The Supreme Court yesterday considered the constitutionality of regulations that prohibit federally funded family planning clinics from discussing abortion, with the newest justice, David H. Souter, expressing concern that the rules stop doctors from giving women needed medical advice.

Speaking for the Bush administration, Solicitor General Kenneth W. Starr defended the regulations, which bar physicians and other workers at federally funded clinics from giving women any information about abortion, even on request, or from stating if abortion is medically indicated.

Souter pressed him about what would happen if a doctor were to conclude that a pregnant women is in imminent danger under circumstances in which the doctor would normally recommend that she consider abortion.

"To say, 'Your health is in danger, you do need treatment,' that is absolutely fine," Starr replied. But, he said, "To actually go forward . . . and to counsel, 'You need an abortion,' is beyond the mandate" of the program, which prohibits the use of abortion "as a method of family planning."

Souter appeared troubled by Starr's contention that doctors are limited by the fact that they work in what the solicitor general described as a "specialized" program limited to "preventive services, pre-conceptional services."

"You are telling us that . . . the physician cannot perform a normal professional responsibility . . . even though that responsiblity does not violate the prohibition against using abortion counseling for family planning," he said. "I think you are telling us that in that circumstance . . . the secretary {of Health and Human Services} in effect may preclude professional speech."

The question of abortion rights received scant attention yesterday during oral arguments in the case, Rust v. Sullivan. Neither side, nor any of the justices, even mentioned the court's 1973 abortion decision, Roe v. Wade. Instead, the argument focused on whether the regulations, adopted in 1988 but largely unenforced during the legal challenge, violate freedom of speech.

Some justices, including Souter and Justice Sandra Day O'Connor, both likely swing votes in the case, also appeared interested in the question of whether the regulations exceed the authority Congress granted in the underlying statute that set up the federal family planning program in 1970 -- a line of inquiry that could result in the court ducking some of the difficult constitutional issues posed by the case.

Until the regulations at issue yesterday were adopted, Title X of the act had been interpreted to permit clinics to provide "non-directive" counseling -- informing pregnant women that abortion was among their options and referring them on request to abortion providers. Title X provides $140 million each year to some 4,000 clinics serving 5 million women annually.

The new rules prohibit any discussion that would encourage or promote abortion and require clinics to refer pregnant clients for pre-natal care that will protect the health of mother and unborn child.

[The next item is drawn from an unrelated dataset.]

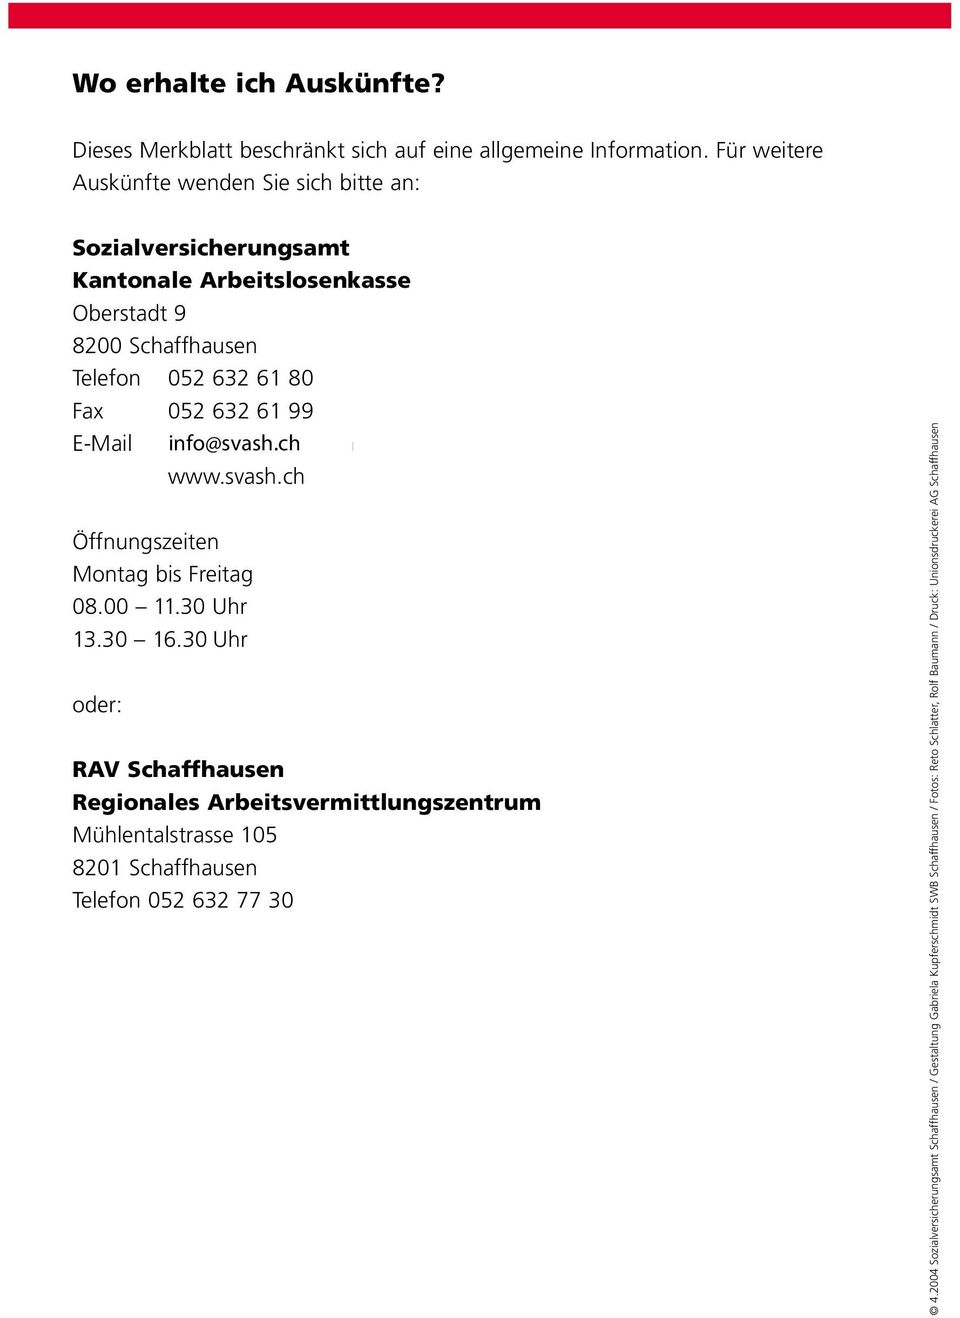 99 E-Mail auskunft@alk-sh.ch www.svash.ch Öffnungszeiten Montag bis Freitag 08.00 11.30 Uhr 13.30 16.

Justice John Paul Stevens, following up on Souter's questions, asked Starr whether doctors practicing in situations covered by Title X would be allowed to tell patients with tonsil problems that they should have a tonsillectomy. They would not, Starr said, because that would be "practicing beyond the scope of the program."

Arguing against the regulations on behalf of Planned Parenthood and the state and city of New York, Harvard Law School Professor Laurence H. Tribe told the court that the government's description of the program as simply saying "see you later" to pregnant women is inaccurate, since women must be referred for pre-natal care.

"We depend on our doctors to tell us the whole truth, whoever is paying the medical bill, the patient or the government, whether in a Title X clinic or in the Bethesda Naval Hospital," Tribe said, referring to the facility where the justices receive medical care.

Justices Anthony M. Kennedy and Antonin Scalia noted that Title X-funded physicians promote contraception -- a position that is not "viewpoint-neutral" and asked Tribe how this limit squared with his argument that the government, in dispensing funds, cannot discriminate on the basis of viewpoint.

Tribe conceded that "total viewpoint neutrality in this area . . . is difficult to achieve" but said that, under the regulations, "truthful information that may be relevant is being deliberately withheld from people who have every reason to expect it."